Instrument gangsa digunakan tidak hanya dalam barungan gambelan gong kebyar saja, tetapi instrument gangsa juga dapat ditemukan dalam barungan semar pegulingan yang menggunakan 7 (tuhuh) nada dan semarandana yang menggunakan 12 (duabelas) nada yang terdiri dari nada tinggi dan rendah. Nada gangsa dalam barungan  gong kebyar menggunakan laras pelog (selisir) dan nada gangsa dalam barungan semar pegulingan dan semarandana menggunakan laras pelog (selisir) dan selendro (tembung).
Dalam memainkan tabuh kreasi yang di kemas secara modern, instrument gangsa menjadi instrument yang paling rumit  untuk dimainkan karena instrument gangsa kaya dengan teknik tetekep dan teknik pukulan yang menarik. Misalnya teknik pukulan ngempyung, yaitu teknik yang memainkan 3 (tiga) nada secara bersama-sama. Teknik pukulan ini mulai dikembangkan kurang lebih dari tahun 90-an sampai sekarang dan menjadi teknik yang sangat susah untuk di pelajari, adapun teknik pukulan lain dalam permaian gangsa adalah teknik pukulan sebagai berikut : 1. Pukulan Ngoret:Pukulan ngoret adalah memukul tiga buah nada yang mendapat dua ketukan ditarik dari nada yang tinggi ke arah nada yang lebih rendah. 2. Pukulan Ngerot : Pukulan ngoret adalah teknik memukul tiga buah nada yang mendapat dua ketukan ditarik dari nada rendah ke arah nada yang lebih tinggi. 3. Pukulan Netdet :Pukulan netdet adalah memukul dan menutup satu nada yang secara beruntun dari tempo yang pelan ke tempo yang lebih cepat. 4. Pukulan Neliti : Pukulan neliti adalah memukul kerangka atau bantang gending secara polos dalam arti tidak berisi fariasi. 5. Pukulan Ngecek : Pukulan ngecek adalah memukul dan menutup satu nada saj, dimana bias di mainkan oleh kesemua nada tersebut.6. Pukulan Gegejer :Pukulan gegejer adalah nama nama dari salah satu pukulan yang memukul satu buah nada secara beruntun dan juga bias dimainkan dimasing-masing nada atau bilah. 7. Pukulan Oncang-oncangan :Pukulan yang saling bergantian dengan memukul dua buah nada yang berbeda yang diselingi oleh satu nada. Hasil dari pukulan ini akan bias terjalin searah, sehingga susunan nada-nadanya kedengaran selalu berurutan. Disamping itu ad juga pukulan oncang-oncangan yang m,emukul tiga buah nada yang diselingi oleh satu nada juga.8. Pukulan ngantung :Nama salah satu pukulan gangsa di dalam satu gatra terdapat empat ketukan, dimana akan mencari ketukan yang ketiga ada suatu tekanan pukulan yang pukulannya mendahuluiketukan ke tiga sehingga pada akhirnya kembali kedalam ketukan ke empat lagi.
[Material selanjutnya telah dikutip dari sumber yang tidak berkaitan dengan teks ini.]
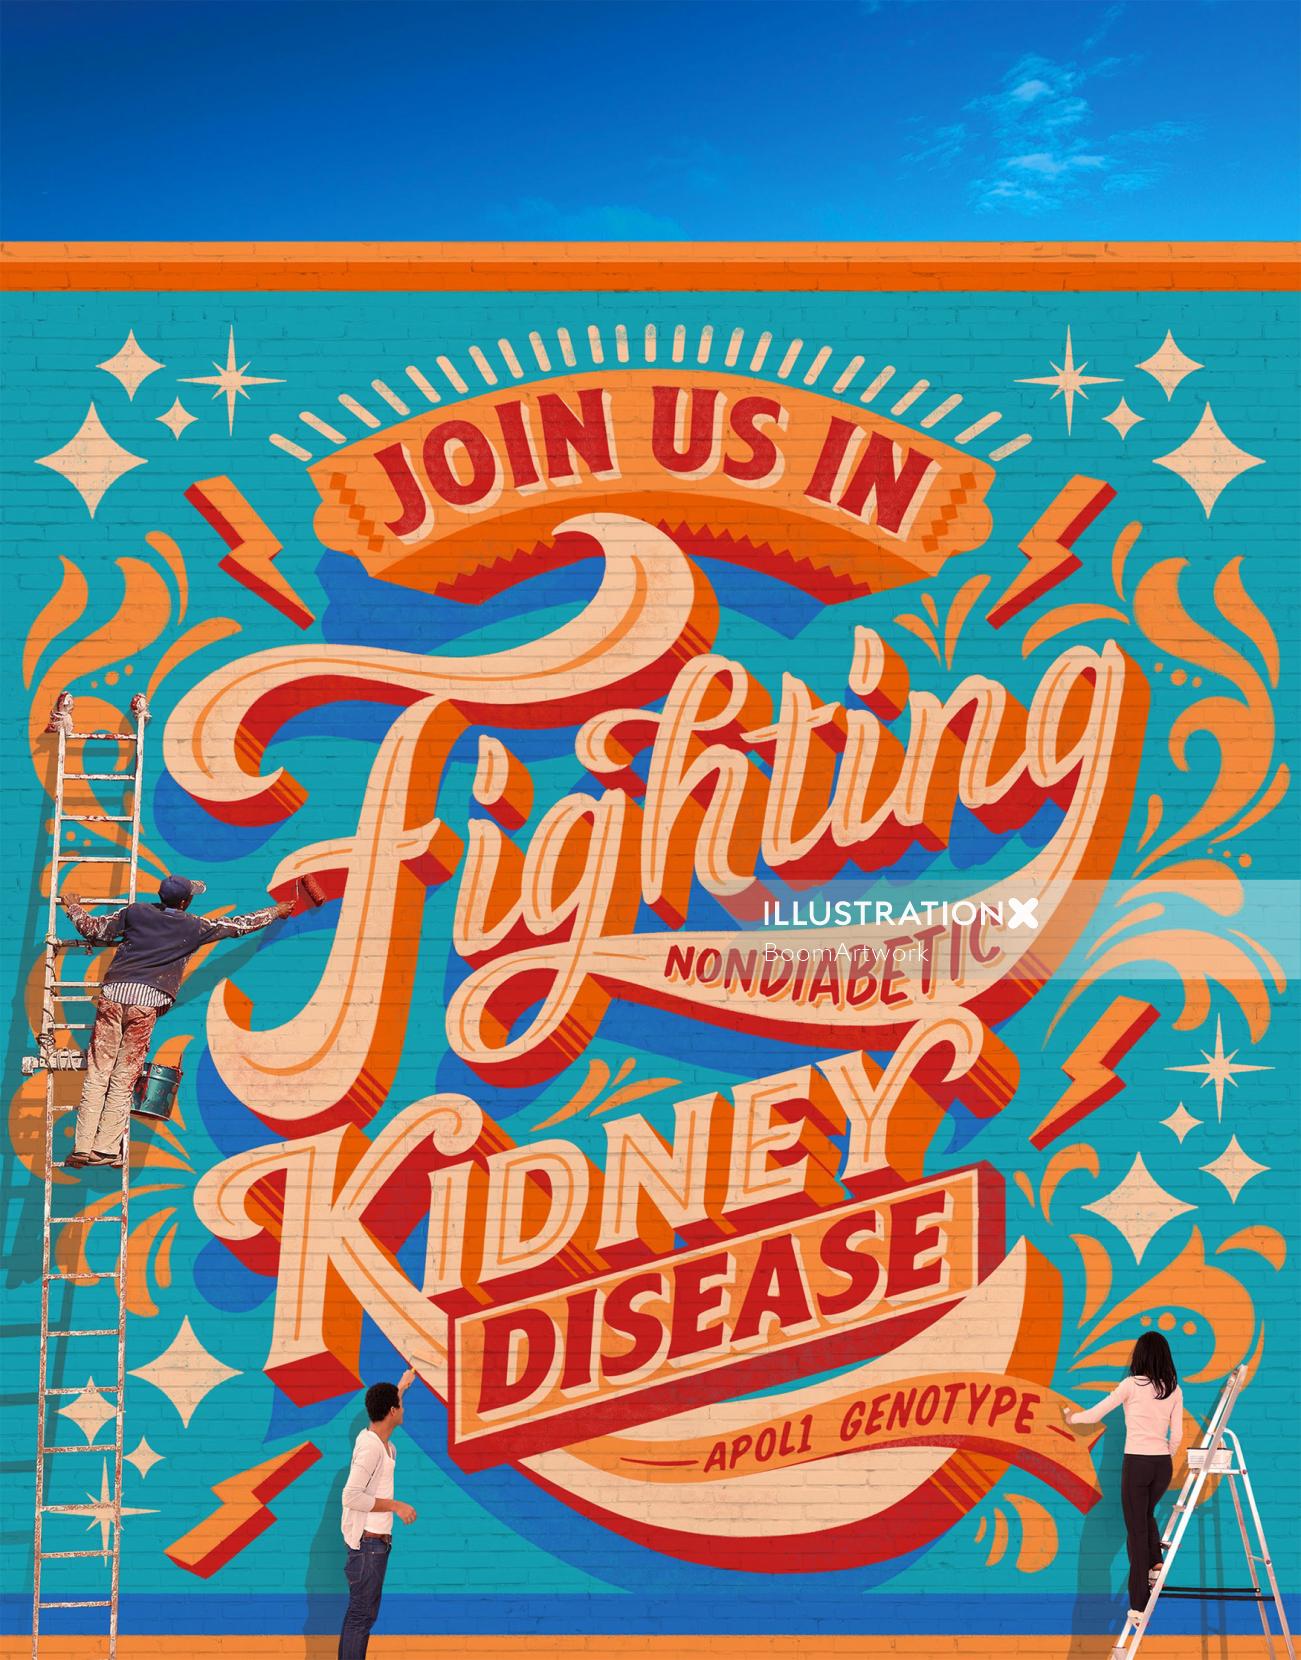 Lettering illustration of Fighting Kidney Disease

SIKAP/ CARA MEMAINKAN GANGSA :

Tategak/Sikap Duduk : Sikap memainkan gamelan Bali memiliki makna yang sangat penting. Tidak hanya menyangkut kajian estetik keindahan, akan tetapi bagaimana energi disalurkan ketika memainkan gamelan. Posisi duduk seorang pemain gamelan ideal yaitu mengambil posisi silasana yaitu posisi duduk dimana kaki dilipat tertumpuk (kanan dan kiri) sedangkan posisi badan tegak, dan pandangan kedepan  Dengan posisi yang benar dapat mendukung penampilan dan secara estetik tertata adanya. Aspek penampilan menjadi sangat besar pengaruhnya terhadap sebuah pementasan karena tanpa didukung oleh penampilan yang baik dan apik serta mempertimbangkan aspek keindakan akan tidak tercapai kaidah pertunjukan yang ada seperti: kompak, harmonis, selaras serasi dan seimbang. Sisi lain dari posisi duduk yang benar dapat memberikan energi yang penuh/total, sebab secara penyaluran energi yang seimbang keseluruh tubuh dapat menyebabkan kualitas pukulan terjaga intensitasnya.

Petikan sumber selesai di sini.